REQUIRED ACTION —
Please print the listing that follows word for word, but skip any pictures it holds.

INPUT DATA —
↓

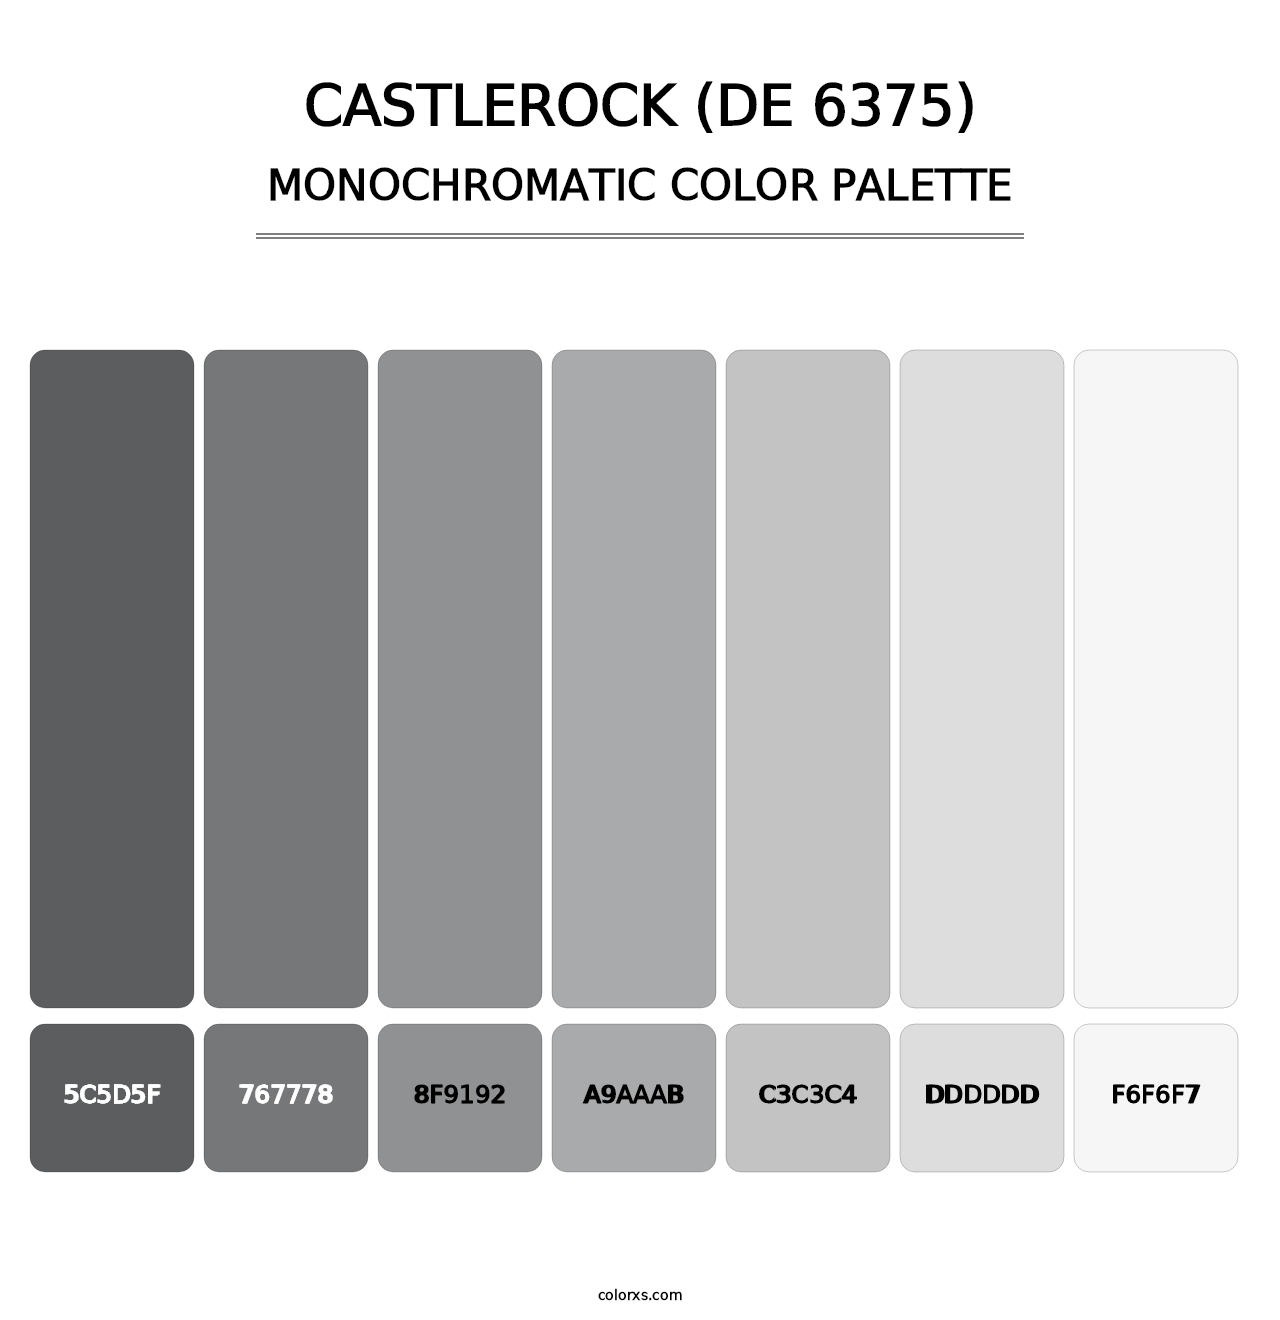 Castlerock (DE 6375) - Monochromatic Color Palette
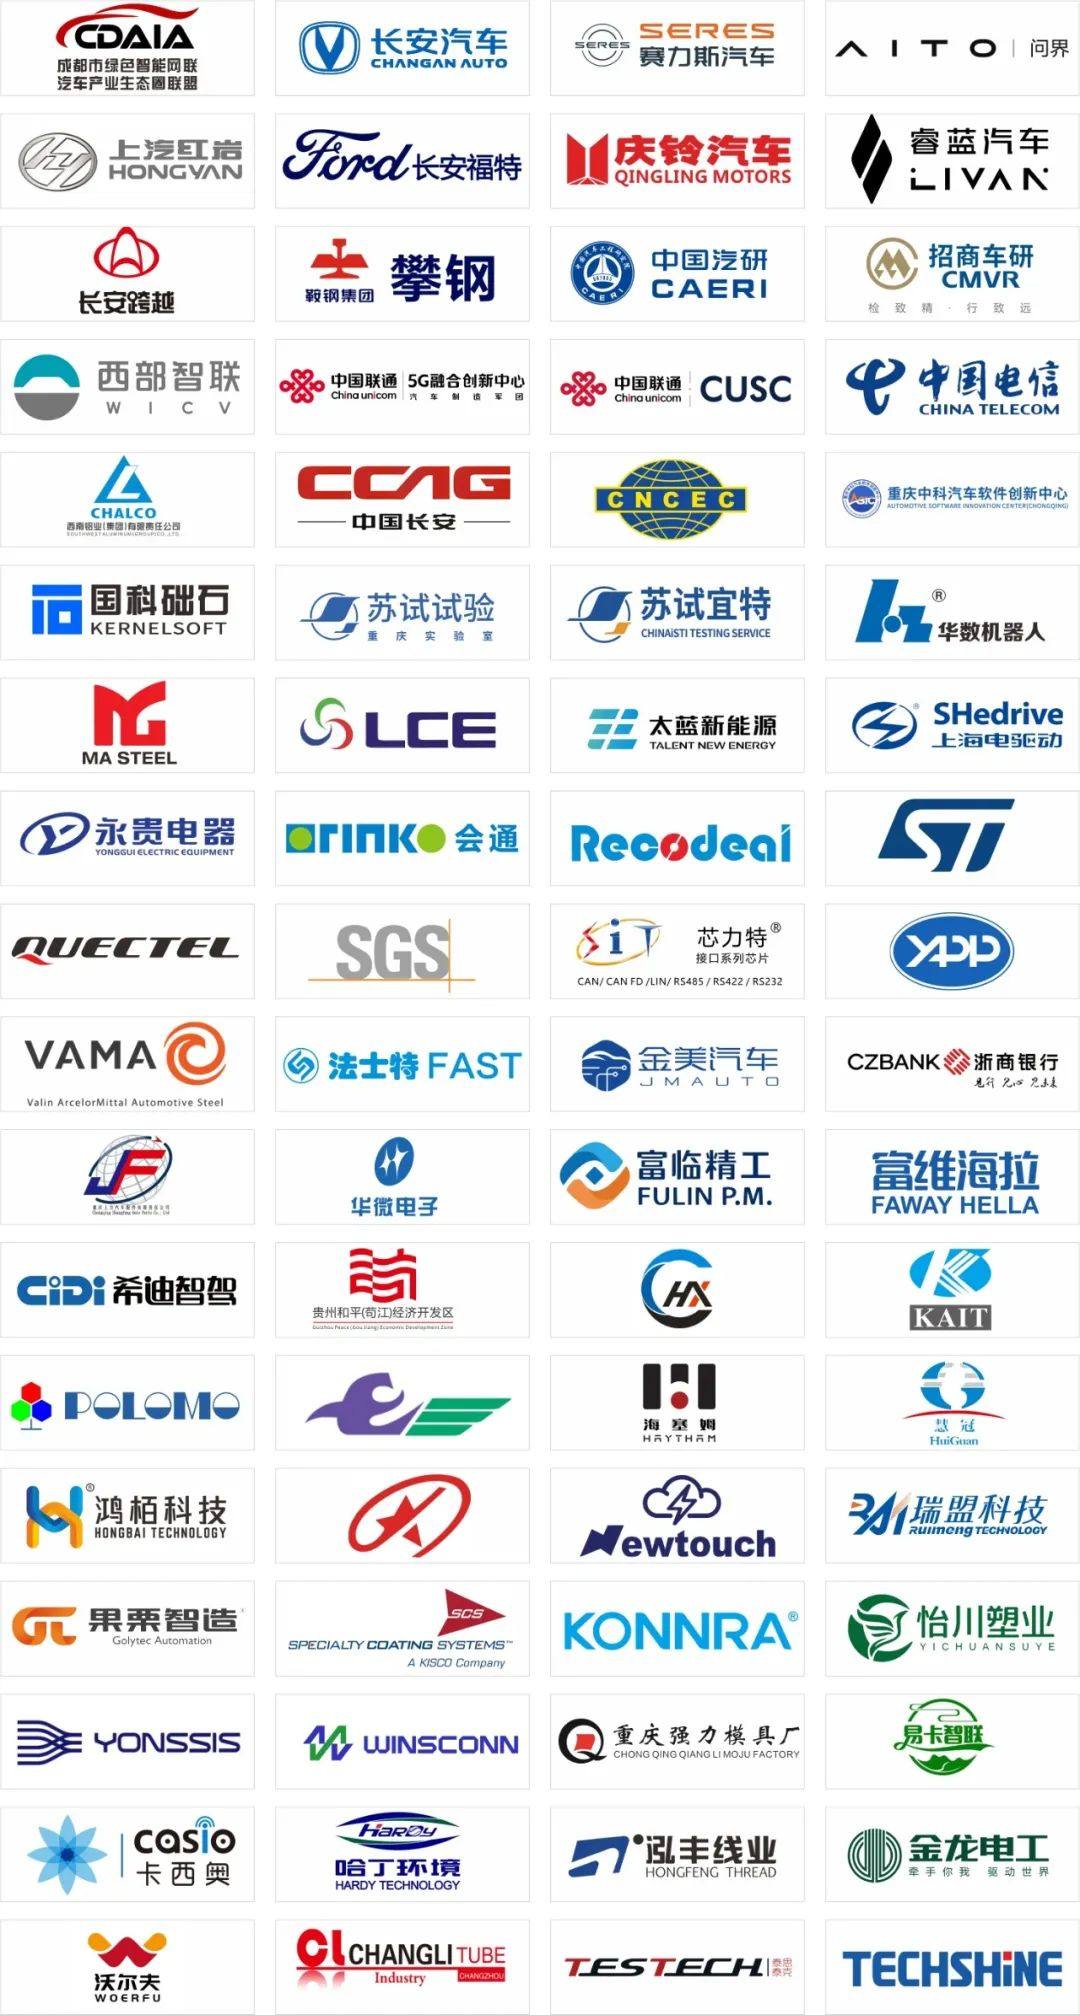 2024中国智能电动汽车科技与供应链博览会将于2024年3.13-15在重庆国博中心举办！
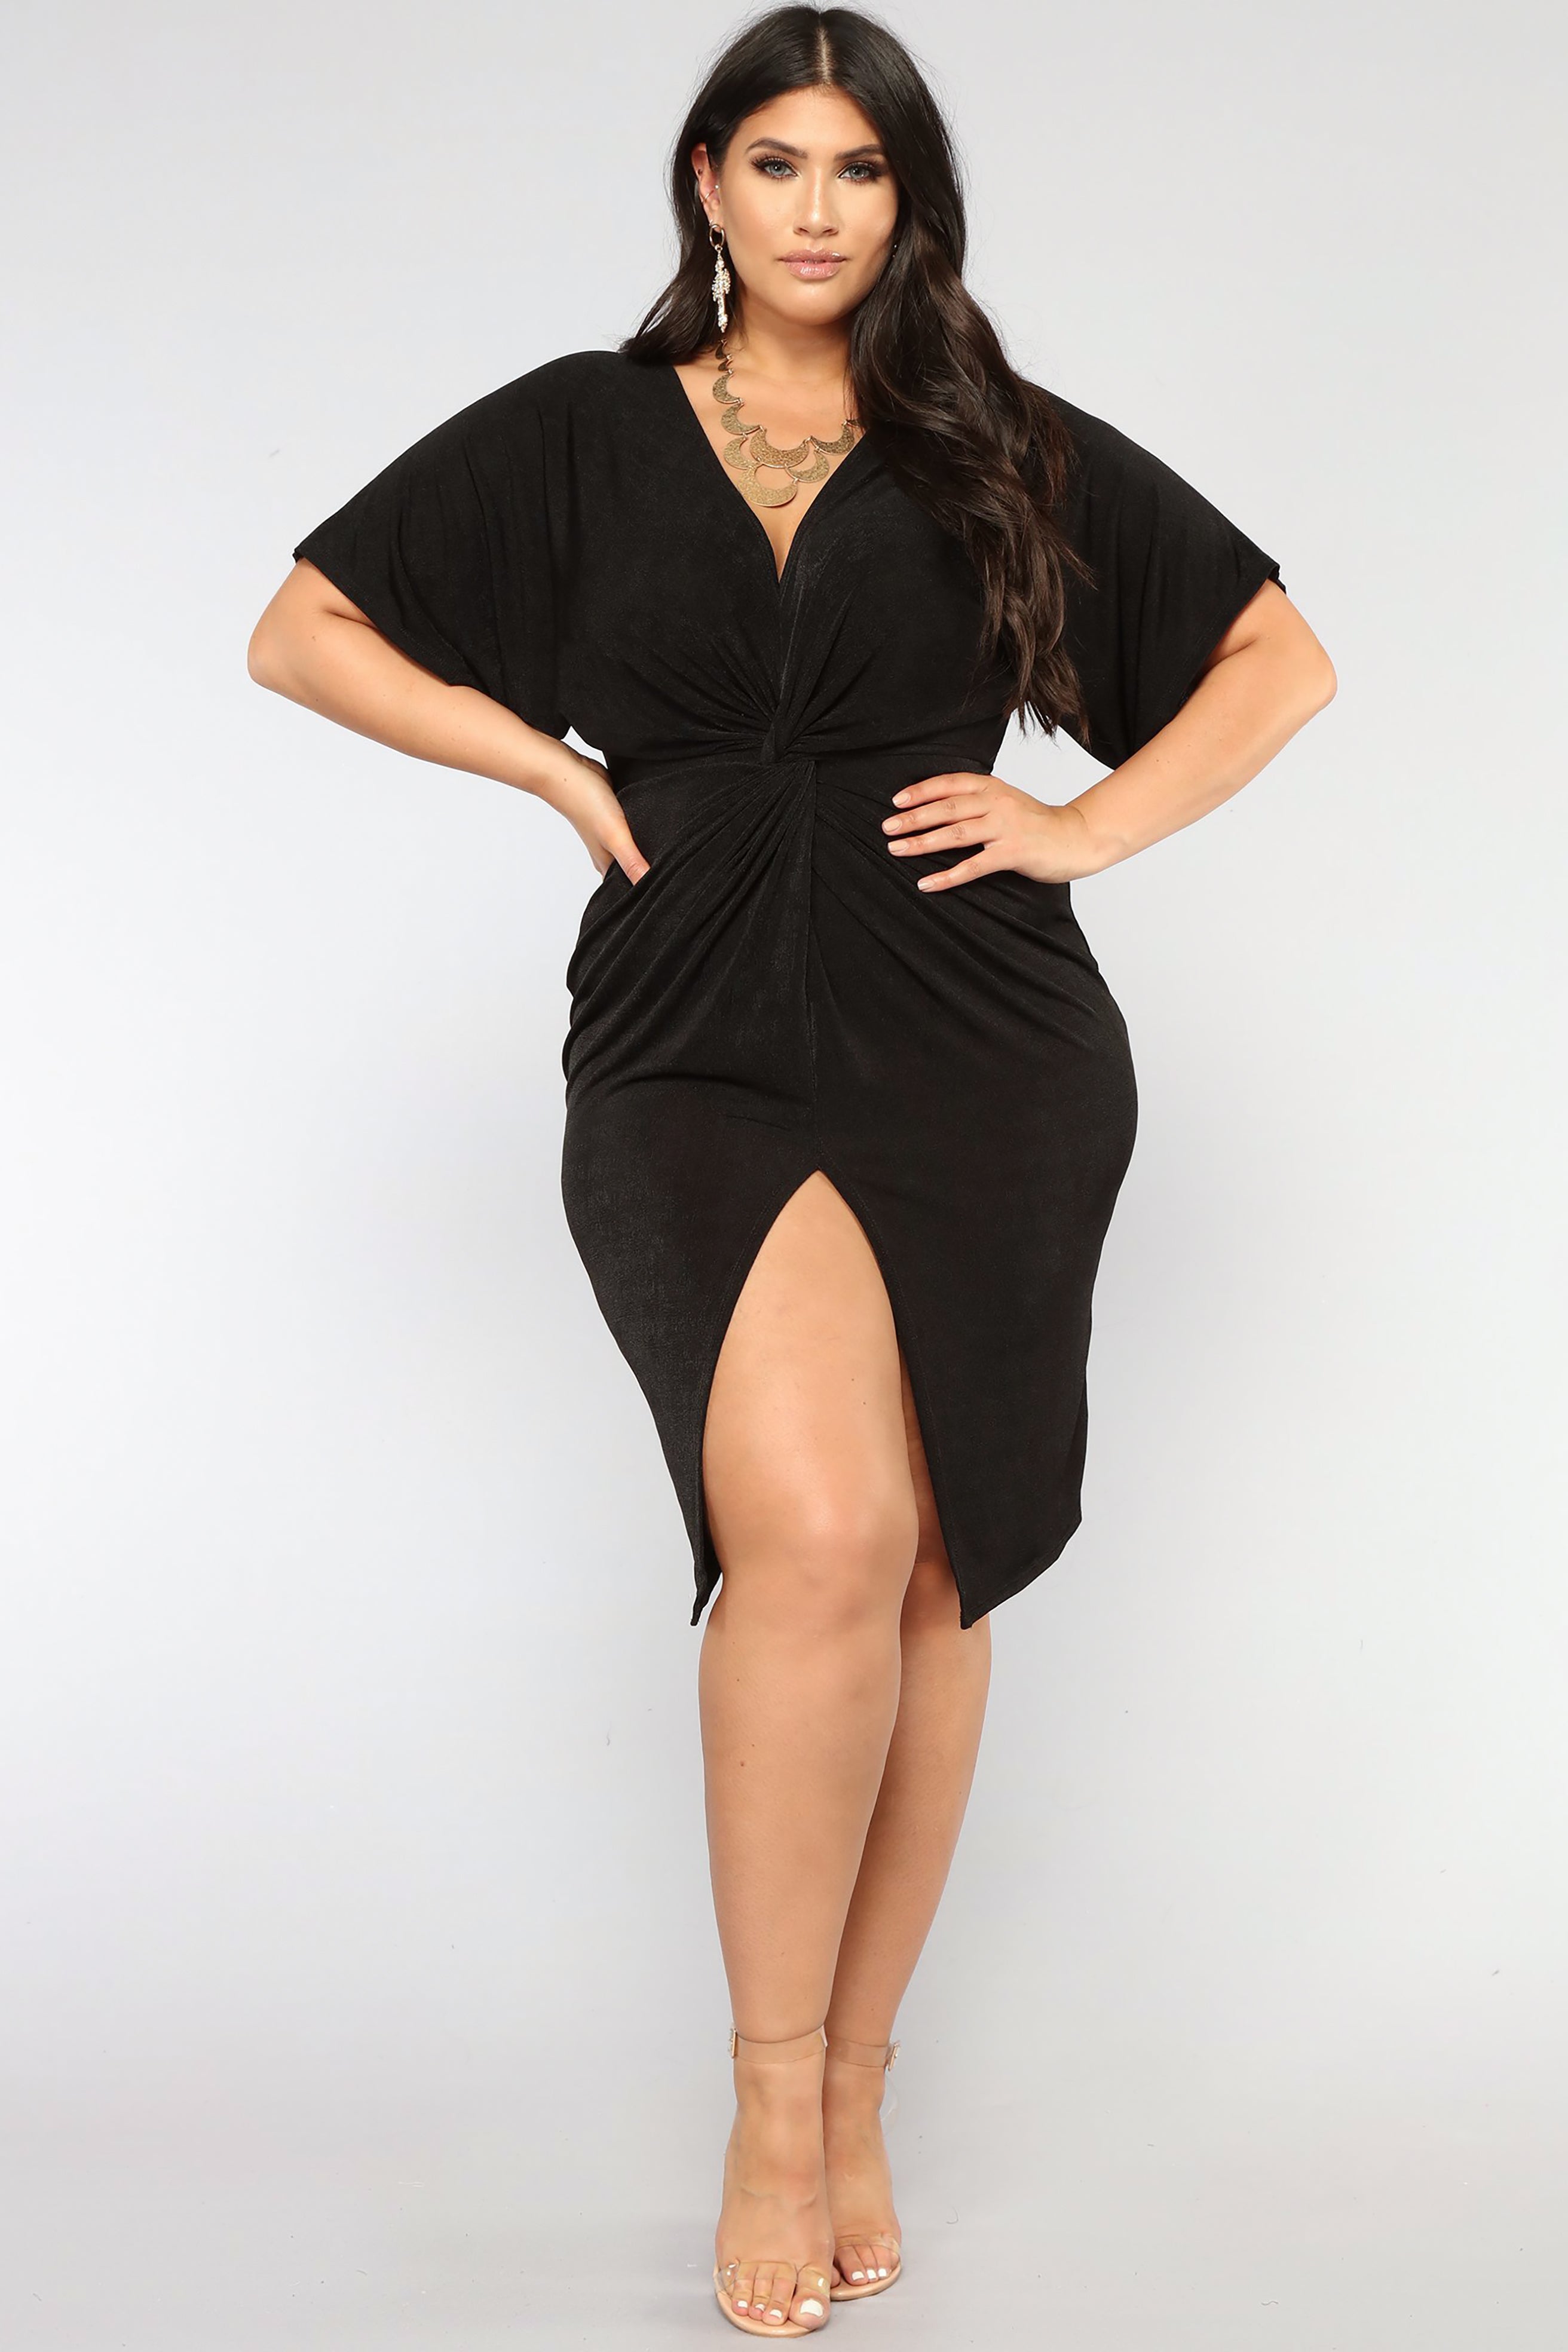 fashion nova plus size black dress

↑

WRITTEN SOLUTION —
 Castlerock (DE 6375) - Monochromatic Color Palette
 2024中国智能电动汽车科技与供应链博览会将于2024年3.13-15在重庆国博中心举办！
 fashion nova plus size black dress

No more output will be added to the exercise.